Propensity score matching (PSM) was performed to balance baseline characteristics between the BF group and the two formula-fed groups. Using the three groups as the grouping variable, PSM was performed for the BF group while retaining all participants in the two formula-fed groups. Considering the relatively high loss to follow-up in the BF group before the 1-month visit, infants who completed it were prioritized during PSM, while ensuring adequate covariate balance (maximum standardized mean difference [SMD] ≤ 0.2). Analyses were primarily conducted in the matched cohort.
The primary endpoint (weight gain during the six-month intervention in g/day) was analyzed using an analysis of covariance (ANCOVA) model, with the feeding groups as a fixed factor and adjustments for multiple covariates, including region, infant age at enrollment, sex, birth weight, birth head circumference, mode of delivery, gestational age at birth, maternal pre-pregnancy BMI, education level, and household income. Estimated least squares means (LS means) with standard errors (SE) are reported for each group, along with the adjusted mean difference and its 95% confidence interval (CI). Non-inferiority was considered established if the lower bound of the two-sided 95% CI for the difference in weight gain between the two groups (intervention minus control) was greater than −3 g/day.
In further analyses, linear mixed-effects models (LMMs) were used to evaluate longitudinal changes in WHO z-scores across different feeding groups. Crude models were first constructed, which included the different feeding groups, follow-up time, an interaction term of groups × follow-up time, and the random intercepts. The adjusted models were further controlled for the covariates mentioned above. Results are presented as β coefficients with 95% CIs. Potential confounders were identified from the literature or through differences in baseline characteristics among the three study groups. A sensitivity analysis was also performed by including complementary food intake as an additional covariate and by repeating the analyses in the original unmatched BF group.
Intent-to-treat analysis (ITT) was used for the main analysis, and no data was imputed for primary analysis. Data cleaning and statistical analysis were performed using R version 4.3.2. A 2-sided level of statistical significance was set at p ≤ 0.05.
3. Results
3.1. Baseline Characteristics
A total of 2239 screened infants across six centers were assessed for eligibility (Figure 1). Of the 259 eligible infants identified, 155 (60%) infants whose mothers were unable or voluntarily gave up breastfeeding were randomized.
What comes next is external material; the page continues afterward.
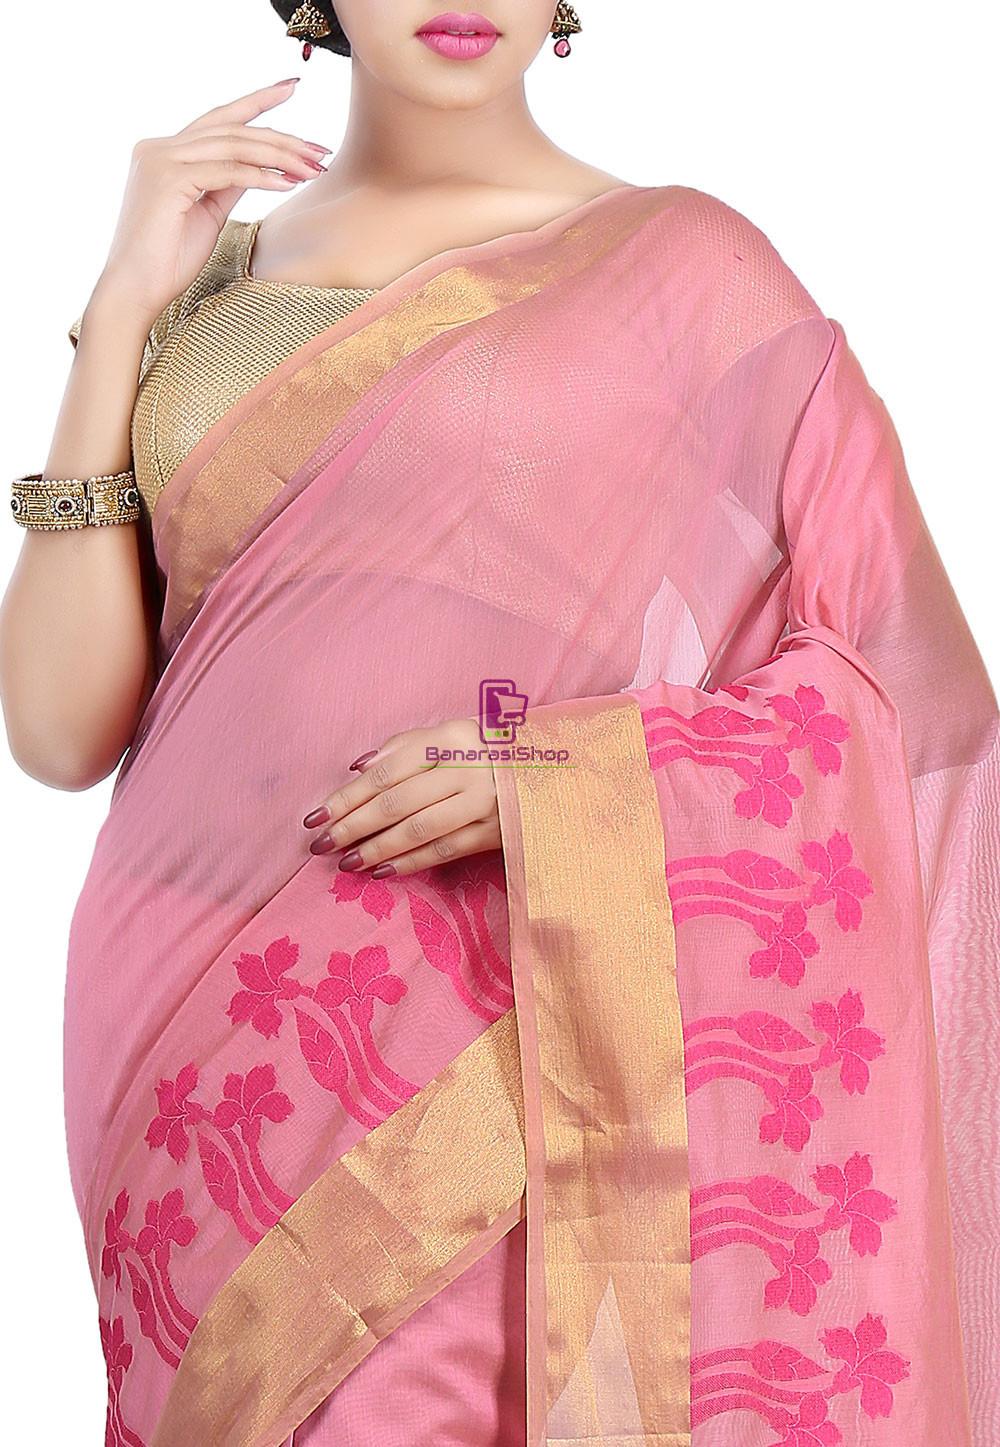 Woven Banarasi Chanderi Cotton Saree in Pink 2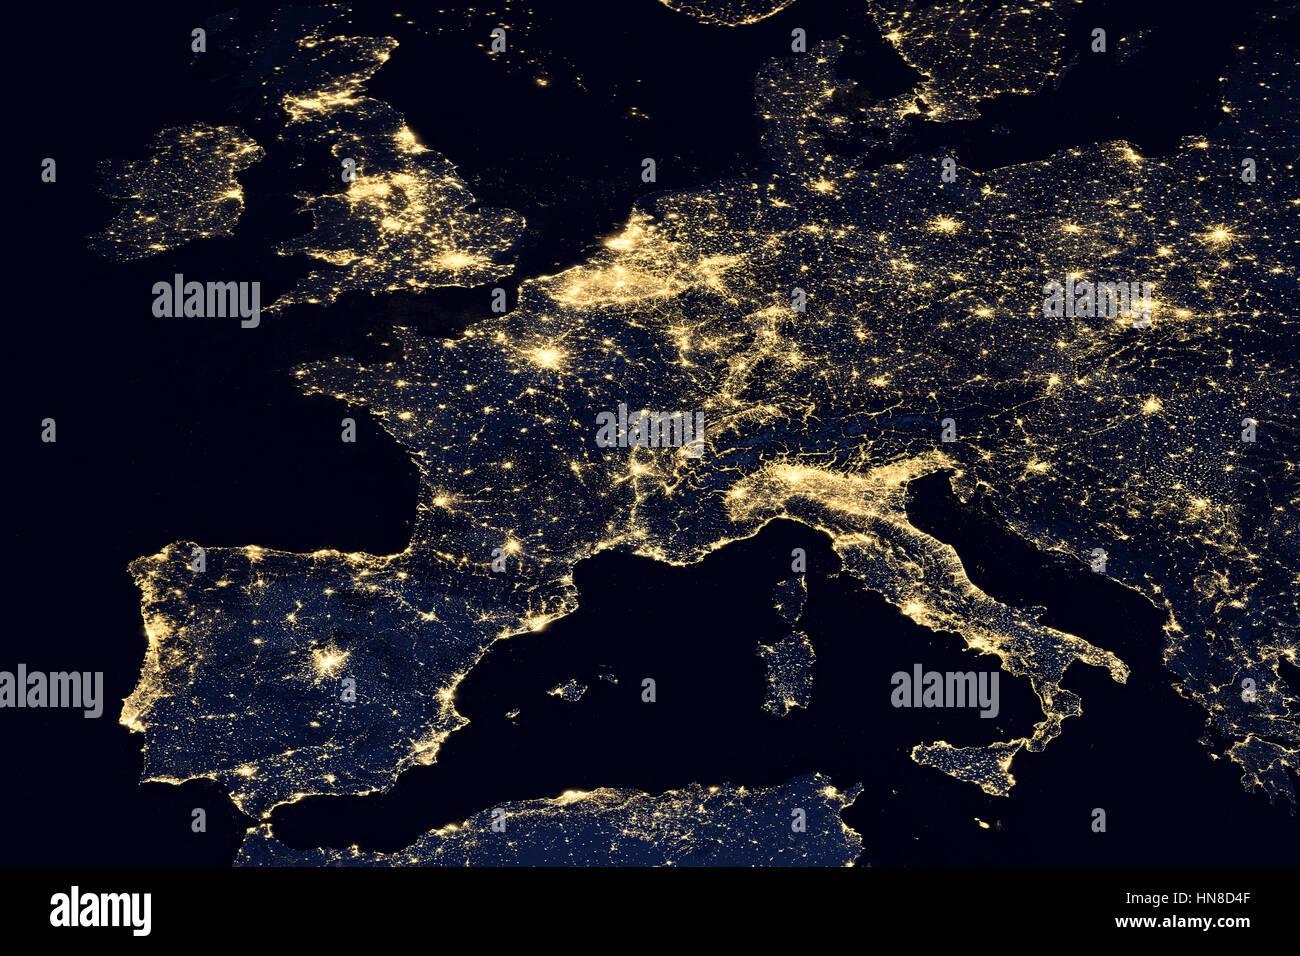 City lights on world map europe stock photo royalty free image city lights on world map europe gumiabroncs Choice Image

Seven participants withdrew informed consent after randomization; thus, 78 were assigned to the pHF group and 70 to the SF group. Additionally, 104 infants whose mothers intended to breastfeed exclusively were included in the BF group as a reference, and 1 participant withdrew informed consent after enrollment, leaving 103 infants in the final breastfeeding group. We assessed 212 infants (84.5%; 70 pHF, 63 SF and 79 BF) at 3 months and 194 infants (77.3%; 61 pHF, 55 SF and 78 BF) at 6 months. There was no statistically significant difference in the sample size recruited by each center among the three groups.
The maternal and neonatal baseline clinical characteristics were comparable between the two formula groups (Table 2). Overall, infants were enrolled at an average age of 8.10 days (SD, 6.46). The mean gestational age was 38.92 weeks (SD, 1.09), and the mean birth weight was 3232.24 g (SD, 399.44), with 53.21% vaginal deliveries, 56.88% males, and 34.40% primiparas. Statistically significant differences between the BF group and the two formula groups in age at enrollment, birth weight, head circumference, gestational age, mode of delivery, maternal education level and household income were observed. To address these imbalances, we performed PSM using the infant age at baseline, birth weight, gestational age and delivery mode as matching variables, and we successfully matched 70 infants in the BF group. After matching, no significant differences in infant baseline characteristics were detected among the three groups. All subsequent analyses were conducted using the propensity score-matched dataset.
3.2. Primary Outcome
The adjusted mean (SE) daily weight gain over the six-month intervention was 26.0 (1.19) g/day in the pHF group and 25.3 (1.27) g/day in the SF group (Table 3). The between-group mean difference in weight gain was 0.64 (−1.55, 2.83) g/day, with the lower bound of the 95% CI above the predefined non-inferiority margin of −3 g/day. These findings demonstrate the non-inferiority of the intervention formula, indicating a comparable weight gain between groups. Similar results were observed during the three-month intervention period, with a mean difference of 1.05 (−2.16, 4.27) g/day. The mean (SE) weight gain from baseline to 3- and 6-month intervention was 39.9 (1.97) and 26.4 (1.27) g/d in the BF group, respectively. Given that there were no protocol deviations or any crossover between the groups, the per-protocol analysis was the same as the intention-to-treat analysis. The results of the sensitivity analyses before PSM were robust (Table S1). Furthermore, the difference in weight gain between the pHF and the SF groups showed that the two groups exhibited similar patterns of weight change across all follow-up time points (Figure 2).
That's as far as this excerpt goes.